▶ **Exercise requirements**
Once the line containing "SAT, Ministerialprotokoller, klokkerbøker" is found, please set it down along with each following line, exactly, to the end of the material.

▶ **Provided material**
┄┄┄┄┄┄┄┄┄┄┄┄┄┄┄┄┄┄┄┄

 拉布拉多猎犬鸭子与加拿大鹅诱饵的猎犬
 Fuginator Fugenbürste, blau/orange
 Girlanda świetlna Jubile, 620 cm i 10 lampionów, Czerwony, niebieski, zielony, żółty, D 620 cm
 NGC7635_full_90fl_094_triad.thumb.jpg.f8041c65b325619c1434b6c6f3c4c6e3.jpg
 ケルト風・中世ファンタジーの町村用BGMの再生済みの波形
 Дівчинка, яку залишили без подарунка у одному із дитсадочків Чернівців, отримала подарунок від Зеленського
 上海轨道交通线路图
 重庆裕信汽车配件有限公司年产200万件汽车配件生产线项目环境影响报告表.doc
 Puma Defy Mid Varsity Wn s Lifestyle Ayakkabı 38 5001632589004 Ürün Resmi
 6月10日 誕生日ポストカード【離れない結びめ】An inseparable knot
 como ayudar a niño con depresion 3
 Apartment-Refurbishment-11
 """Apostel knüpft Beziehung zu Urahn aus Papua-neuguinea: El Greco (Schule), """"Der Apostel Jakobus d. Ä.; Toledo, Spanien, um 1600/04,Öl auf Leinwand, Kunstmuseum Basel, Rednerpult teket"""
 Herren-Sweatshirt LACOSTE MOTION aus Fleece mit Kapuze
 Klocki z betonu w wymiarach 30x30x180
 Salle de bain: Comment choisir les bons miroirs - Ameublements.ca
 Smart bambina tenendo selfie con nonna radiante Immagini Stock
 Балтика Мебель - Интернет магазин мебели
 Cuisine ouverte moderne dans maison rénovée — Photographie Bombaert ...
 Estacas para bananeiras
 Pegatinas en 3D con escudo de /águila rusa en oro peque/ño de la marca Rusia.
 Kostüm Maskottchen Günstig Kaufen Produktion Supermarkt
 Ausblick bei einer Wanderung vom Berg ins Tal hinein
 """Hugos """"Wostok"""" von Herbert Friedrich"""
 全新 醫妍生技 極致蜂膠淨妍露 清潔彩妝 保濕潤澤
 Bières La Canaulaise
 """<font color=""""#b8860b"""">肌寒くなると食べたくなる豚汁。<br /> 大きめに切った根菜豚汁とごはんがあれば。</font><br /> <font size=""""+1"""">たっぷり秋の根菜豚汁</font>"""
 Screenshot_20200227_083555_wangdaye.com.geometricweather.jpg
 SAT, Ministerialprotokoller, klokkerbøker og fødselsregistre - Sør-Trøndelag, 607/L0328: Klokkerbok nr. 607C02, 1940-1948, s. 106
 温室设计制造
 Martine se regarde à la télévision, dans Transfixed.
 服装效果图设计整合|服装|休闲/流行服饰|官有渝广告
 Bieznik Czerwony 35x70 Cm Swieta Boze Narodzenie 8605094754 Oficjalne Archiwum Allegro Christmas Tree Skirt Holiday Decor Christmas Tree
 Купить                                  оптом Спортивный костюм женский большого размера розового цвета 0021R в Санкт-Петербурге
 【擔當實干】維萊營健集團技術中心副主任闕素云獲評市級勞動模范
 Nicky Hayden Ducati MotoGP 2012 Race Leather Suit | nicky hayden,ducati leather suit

┄┄┄┄┄┄┄┄┄┄┄┄┄┄┄┄┄┄┄┄

▶ **Solution to the exercise**
 SAT, Ministerialprotokoller, klokkerbøker og fødselsregistre - Sør-Trøndelag, 607/L0328: Klokkerbok nr. 607C02, 1940-1948, s. 106
 温室设计制造
 Martine se regarde à la télévision, dans Transfixed.
 服装效果图设计整合|服装|休闲/流行服饰|官有渝广告
 Bieznik Czerwony 35x70 Cm Swieta Boze Narodzenie 8605094754 Oficjalne Archiwum Allegro Christmas Tree Skirt Holiday Decor Christmas Tree
 Купить                                  оптом Спортивный костюм женский большого размера розового цвета 0021R в Санкт-Петербурге
 【擔當實干】維萊營健集團技術中心副主任闕素云獲評市級勞動模范
 Nicky Hayden Ducati MotoGP 2012 Race Leather Suit | nicky hayden,ducati leather suit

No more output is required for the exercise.